This cannot be compared to computer networking—or even to the digital
anarchy of packet radio (which sacrificed mystery for the sake of
reliability). Packet is a marriage of magic and efficiency... DXing is
a wild flirtation with a whole spectrum of unknowns, an endless quest
for someone a little bit farther out or a little bit hotter than your
last contact...
And as the sexual revolution dies in the stranglehold of AIDS hysteria,
the radio world explodes with new possibilities—for the sunspots are
coming back! Too bad most hams are male...

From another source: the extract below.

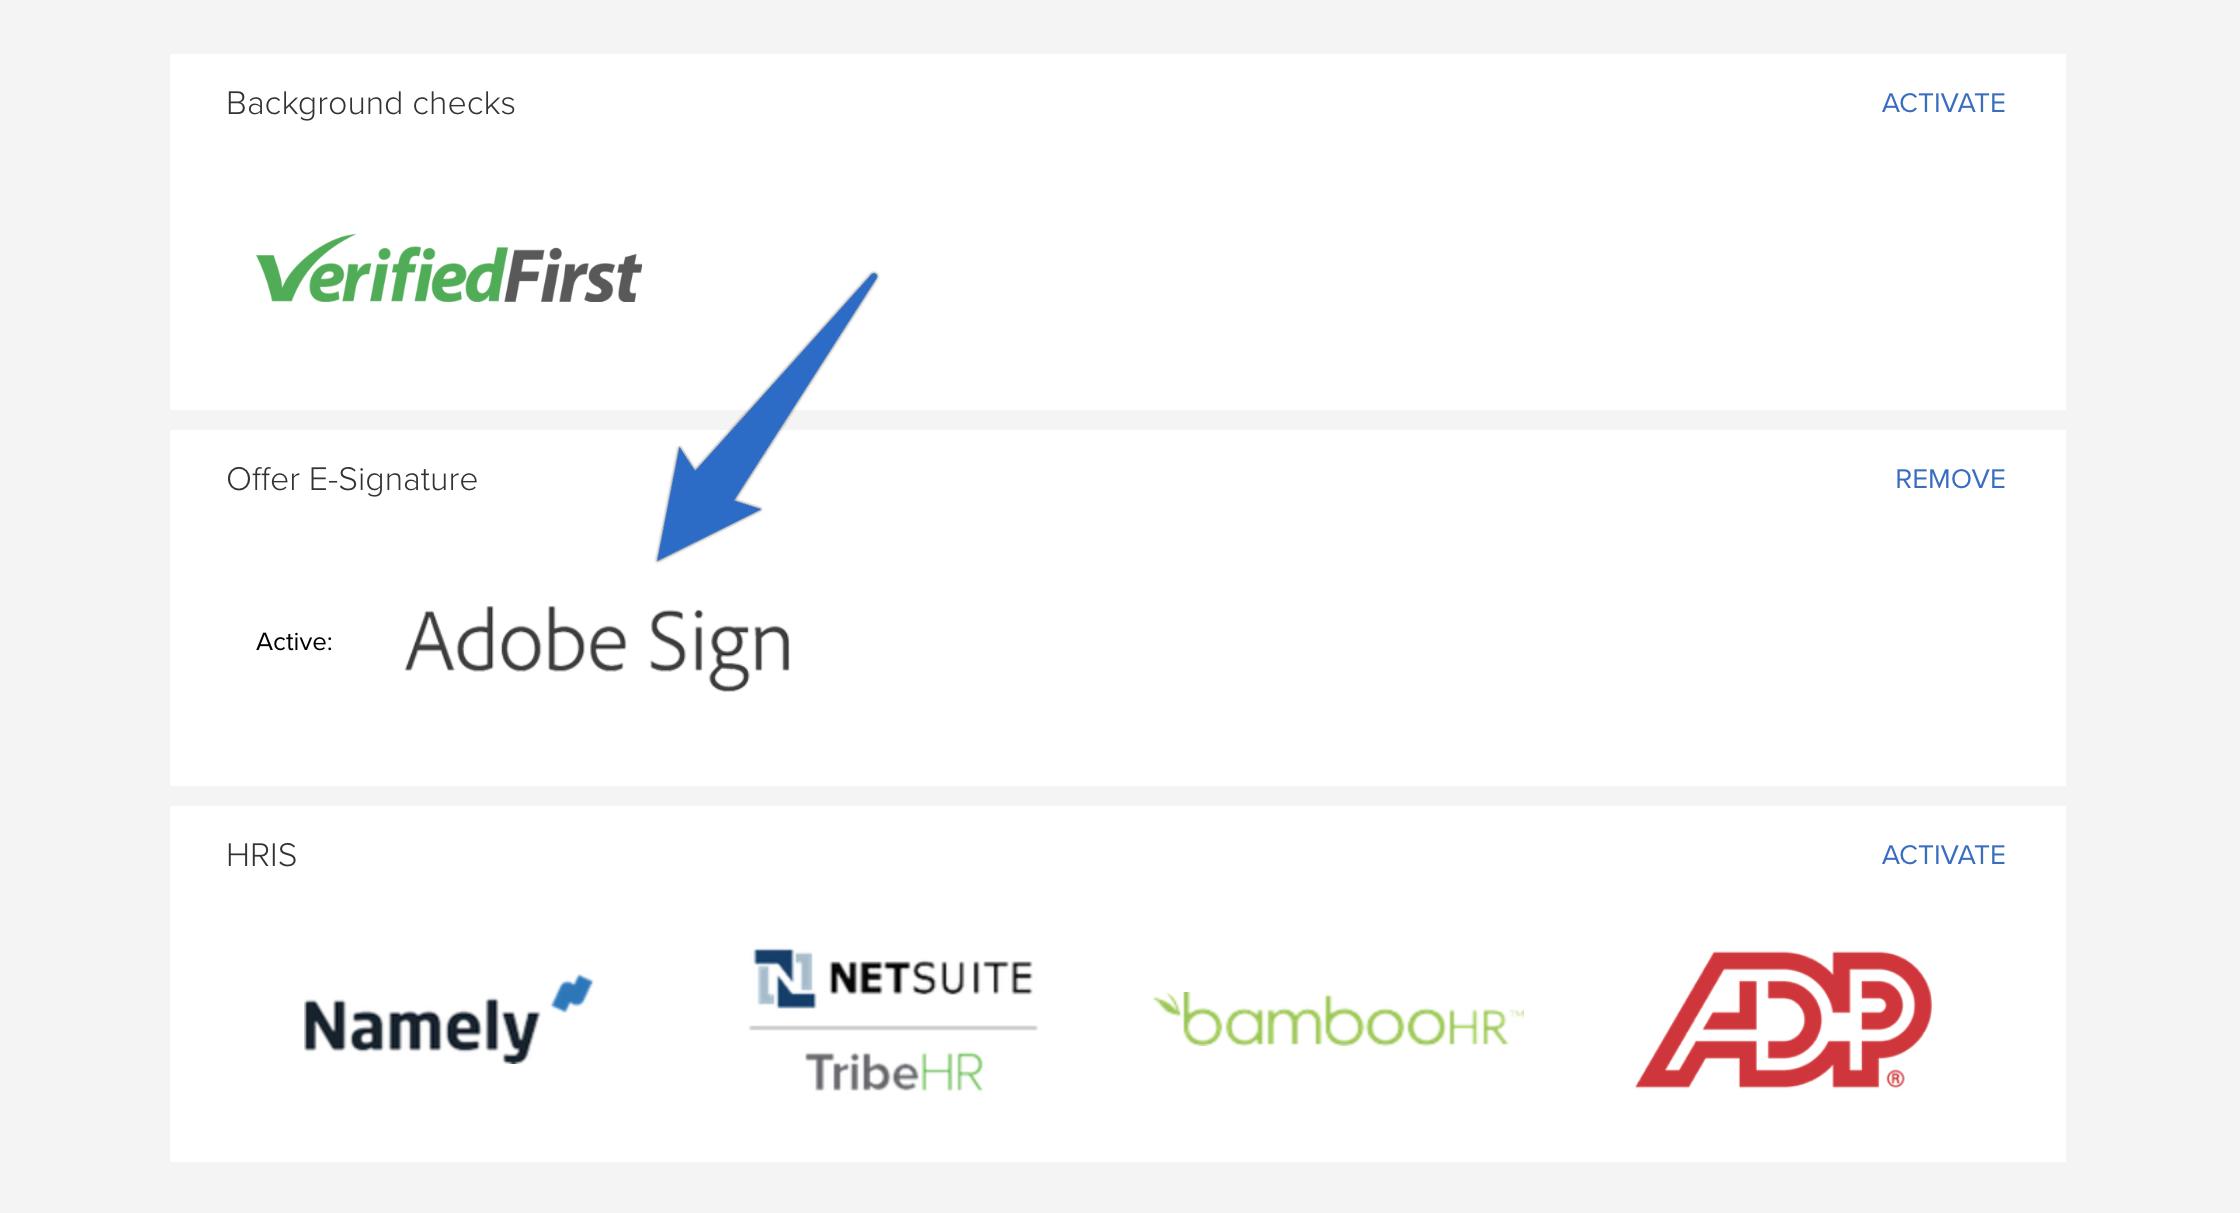 How do I use the Adobe Sign e-signature integration

Before leaving northern Virginia, we made one last foray into
Maryland—to Rockville. GEnie hosted a press event in our honor, even
providing a police escort through the busier parts of town. I offered
the cop a full-time job following us around the country with his blue
lights a-flashing, for the sense of protection from traffic was an
unfamiliar delight. But he declined, expressing doubt that he could
make off with the car.
My existing impression of GEnie as a healthy company was reinforced by
the visit. Unlike the competition, this is not a stuffy corporate
culture (even if it IS a part of a big company). Security in the
building is tight, but behind all that people are friendly and playful,
happily taking the time to gather in the parking lot with balloons and
cameras to enjoy a morning of socializing. ESPN covered the event,
which aired on Nation’s Business Today on the morning of the 14th.
We also visited Solarex, where the bike’s rear photovoltaic module
mysteriously put out 770 mA for the first time ever (about 10% over my
previous record). “So that’s why you located in Rockville,” I observed.
“The sun does something special here.” Turned out there was more than
one sun that day—a ring of bright clouds was acting as a giant lens.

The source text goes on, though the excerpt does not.